Since the main purpose of this mechanism is for data synchronization, we'd better narrow the scope that the correctness depends on. In solely the implementation of StateTable, we can ensure that data are always ready when StateTable::Init and StateTable::update_vnode_bitmap, without any implicit dependency on the correct behavior of higher level streaming executor or the streaming runtime.

Proposal

As discussed offline with @BugenZhao and @st1page , we have the following rough proposal.

When we call StateTable::Init and StateTable::update_vnode_bitmap, the state table itself will wait the committed epoch of the table id to bump up before return, and after the methods return, the state table is ready to serve the read request.

In the previous development of configuration change, @BugenZhao followed a similar implementation to this proposal, but encountered deadlock. The deadlock happened because, we started waiting for committed epoch to bump up before yielding the barrier, and committed epoch bumping up depends on collecting all barriers.

Similar deadlock is very likely to happen, and require careful handling the order of waiting for epoch and yielding barrier. In general, we need to following the following order:

1. receive barrier
2. commit state table if not first barrier
3. yield barrier
4. wait epoch in either init or update_vnode_bitmap.

Following this order, similar deadlock won't happen. The correctness depends on an assumption that, in the perspective of a single executor, after yielding a checkpoint barrier, the committed epoch must be able to bump up, without dependency on the executor doing any other things, so that it can safely wait for the committed epoch to bump up eventually.

Though we need careful handling the logic in all stateful executors, the correctness can be ensured in CI as long as all executors are covered in CI.

• For correctness in init, if the logic is not handled correctly, deadlock is bound to happen, and we can discover the mistake in CI
• For correctness during update_vnode_bitmap, since we have not ensured that all executors are covered in the scale test, we cannot ensure that update_vnode_bitmap of all executors are called in CI. To ensure the correctness, we can remove the current update_vnode_bitmap method of the state table. Instead, we wrap the logic in a new method post_yield_barrier(Option<Mutation>), which should always be called after yielding the barrier regardless of whether there is configuration change. We can add sanity check in this state table method to ensure that this method is called before. In this way, if we miss calling this method in any executor, we will fail the sanity check.

After this proposal, we can do configuration change in a single barrier without the need to pause and resume the stream.

[wenym1]

cc @hzxa21 @fuyufjh @shanicky

[fuyufjh]

Sounds good to me.

If I understand correctly, in this design, there is still a short period of "stop-the-world", which is after an actor receives the Mutation barrier, and before the Mutation finally checkpointed in Meta.
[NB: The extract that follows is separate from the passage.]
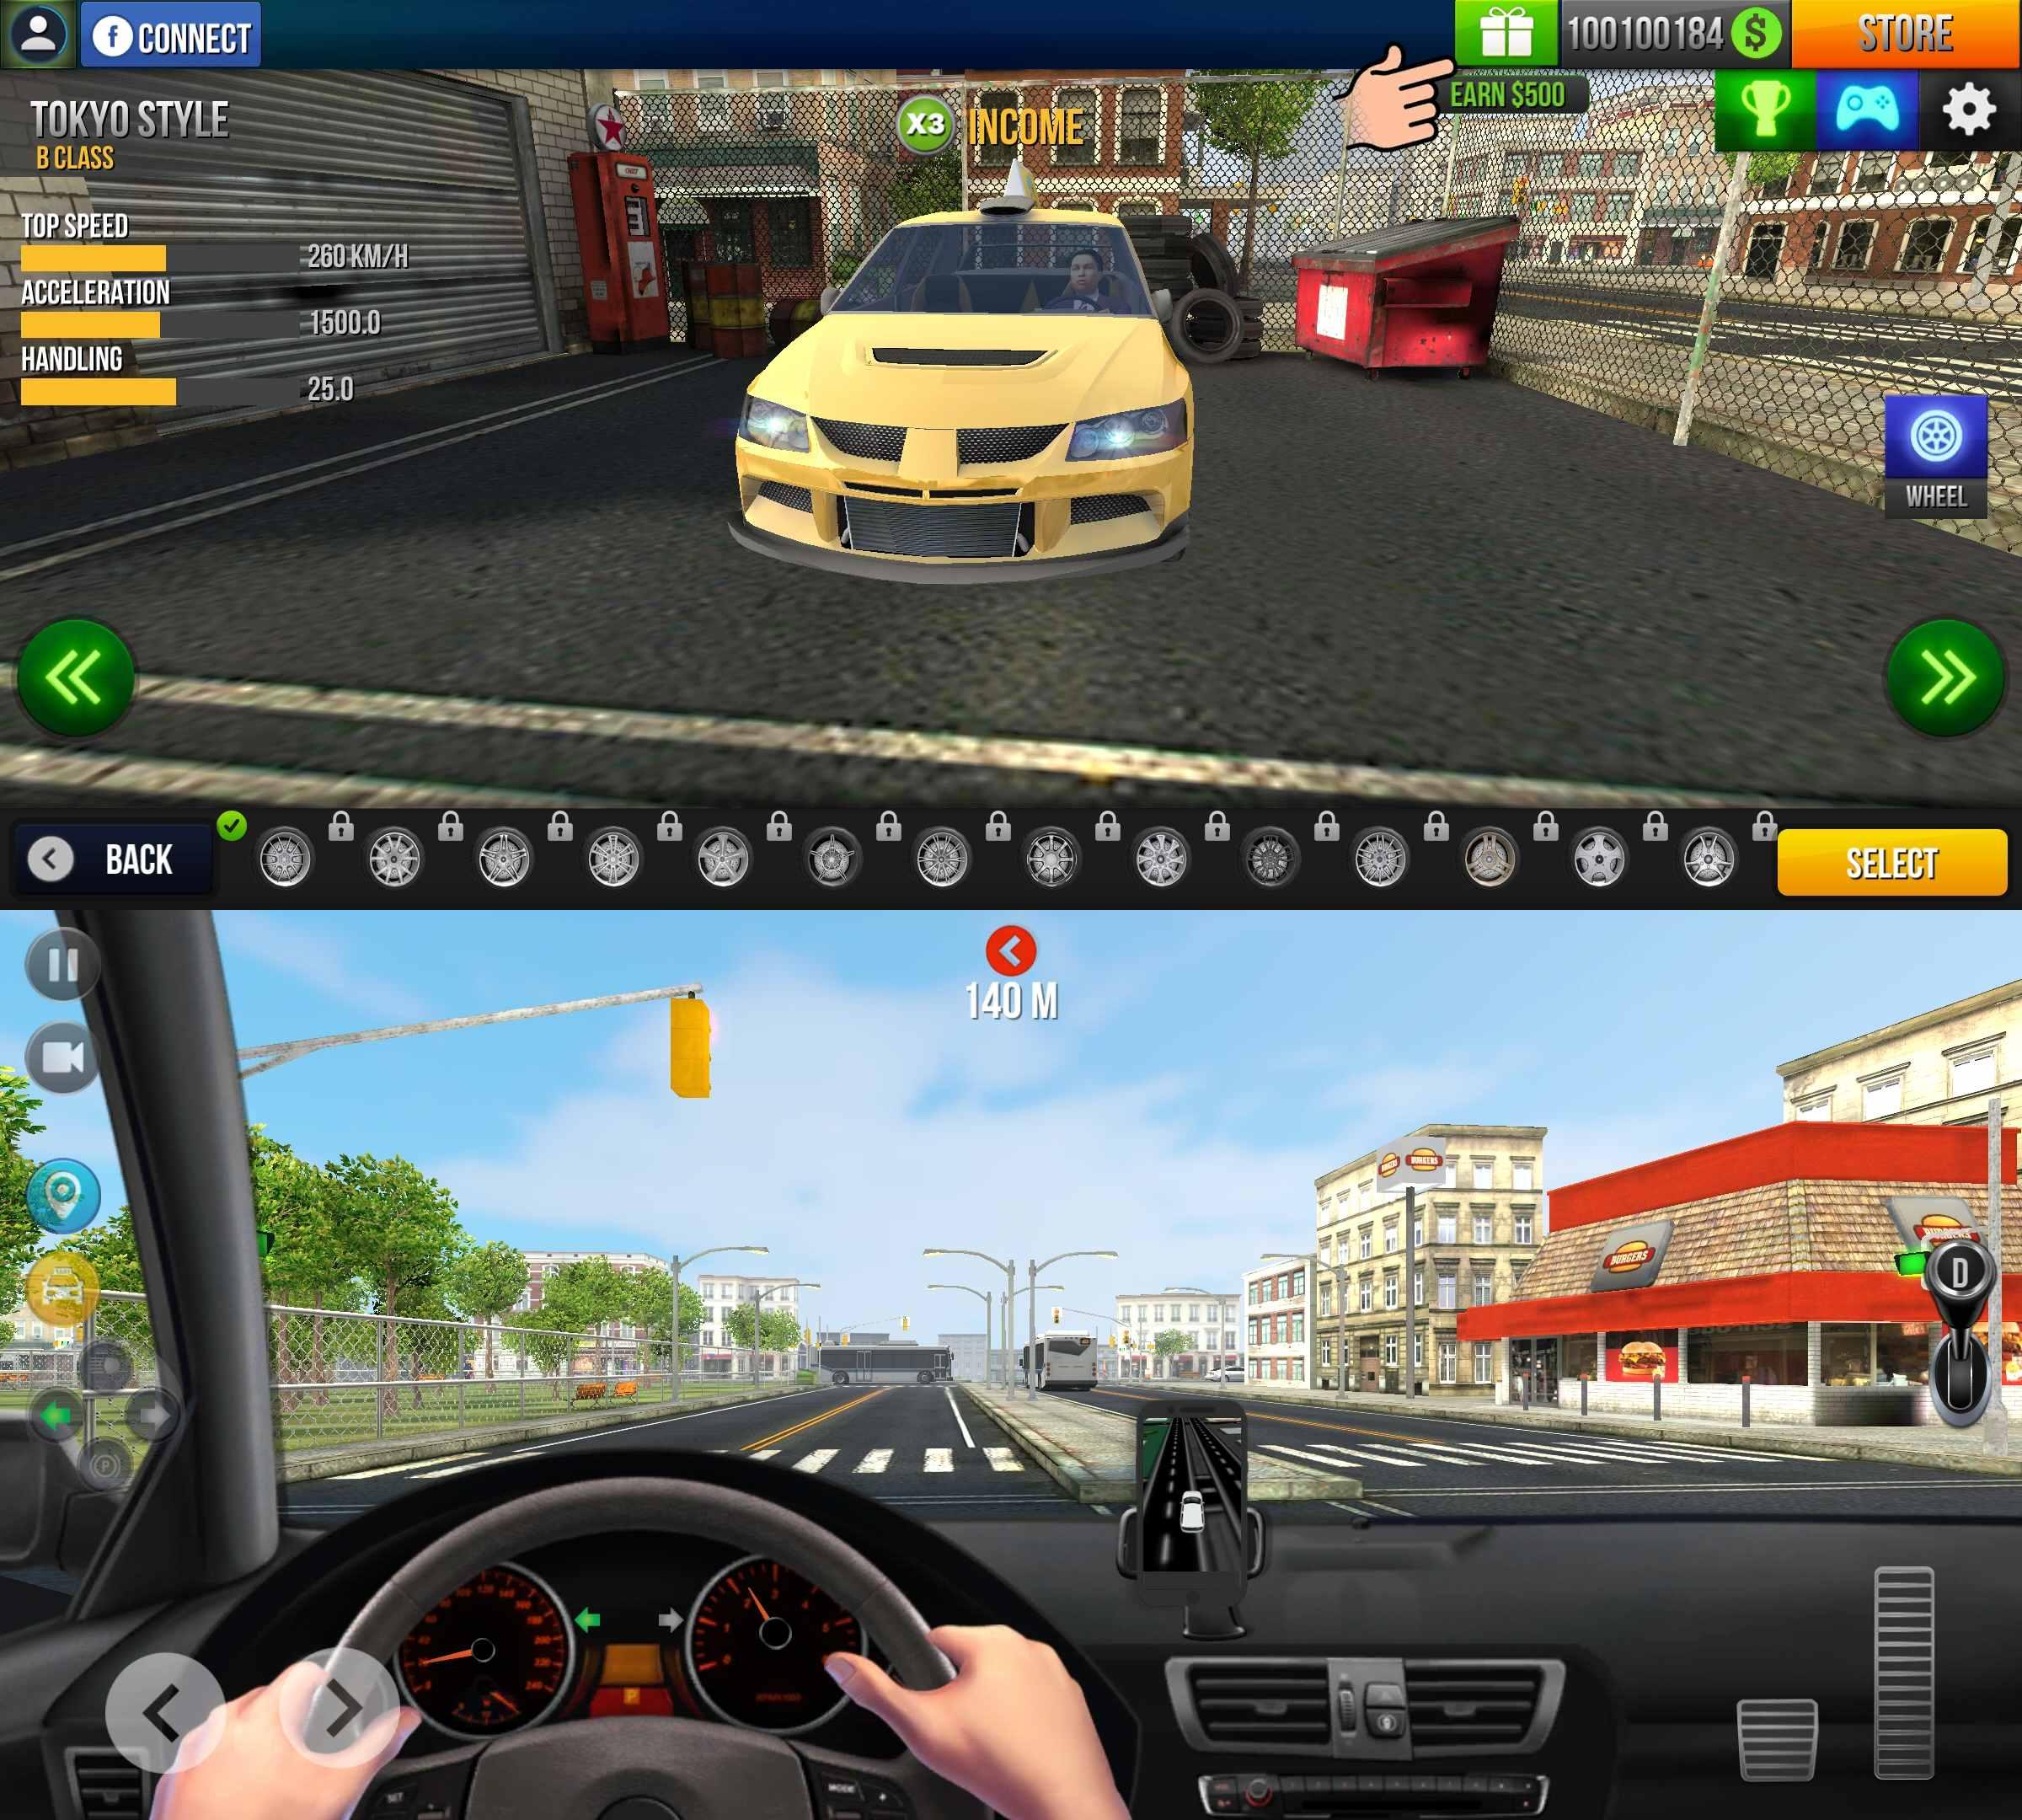 出租车模拟器截图1

Theoretically, it will reduce the duration of "stop-the-world" to half, rather than eliminating it entirely.

[fuyufjh]

By the way, both @shanicky and @BugenZhao proposed to abandon Mutation barrier in scaling out/int process, but instead trigger a global recovery. This approach can significantly simplify the implementation, with the cost of dropping the operator cache, which seems to be less useful than we thought - According to our experience, most cases didn't get visible performance drops when doing scaling.

[lmatz]

most cases didn't get visible performance drops when doing scaling.

Just provide one data point:

during a recent POC for one customer who does business in streaming media, with 30+ CPU 100+ GB compute node, scaling up/down (although not scaling out/in as mentioned here) leads to a significant performance drop, e.g. high barrier latency, whenever it triggers remote fetch from S3.

Backfilling the entire operator cache took more than 2 hours after scaling up and clearing the cache. During these 2 hours, the barrier latency can spike to 1~3min from time to time.

That being said, it seems only deploying a memory caching layer such as Alluxio on the Cloud (optional for latency-sensitive customers only) can mitigate the performance drops for both scaling up/down and scaling out/in cases. While mutation only works for the scaling out/in cases.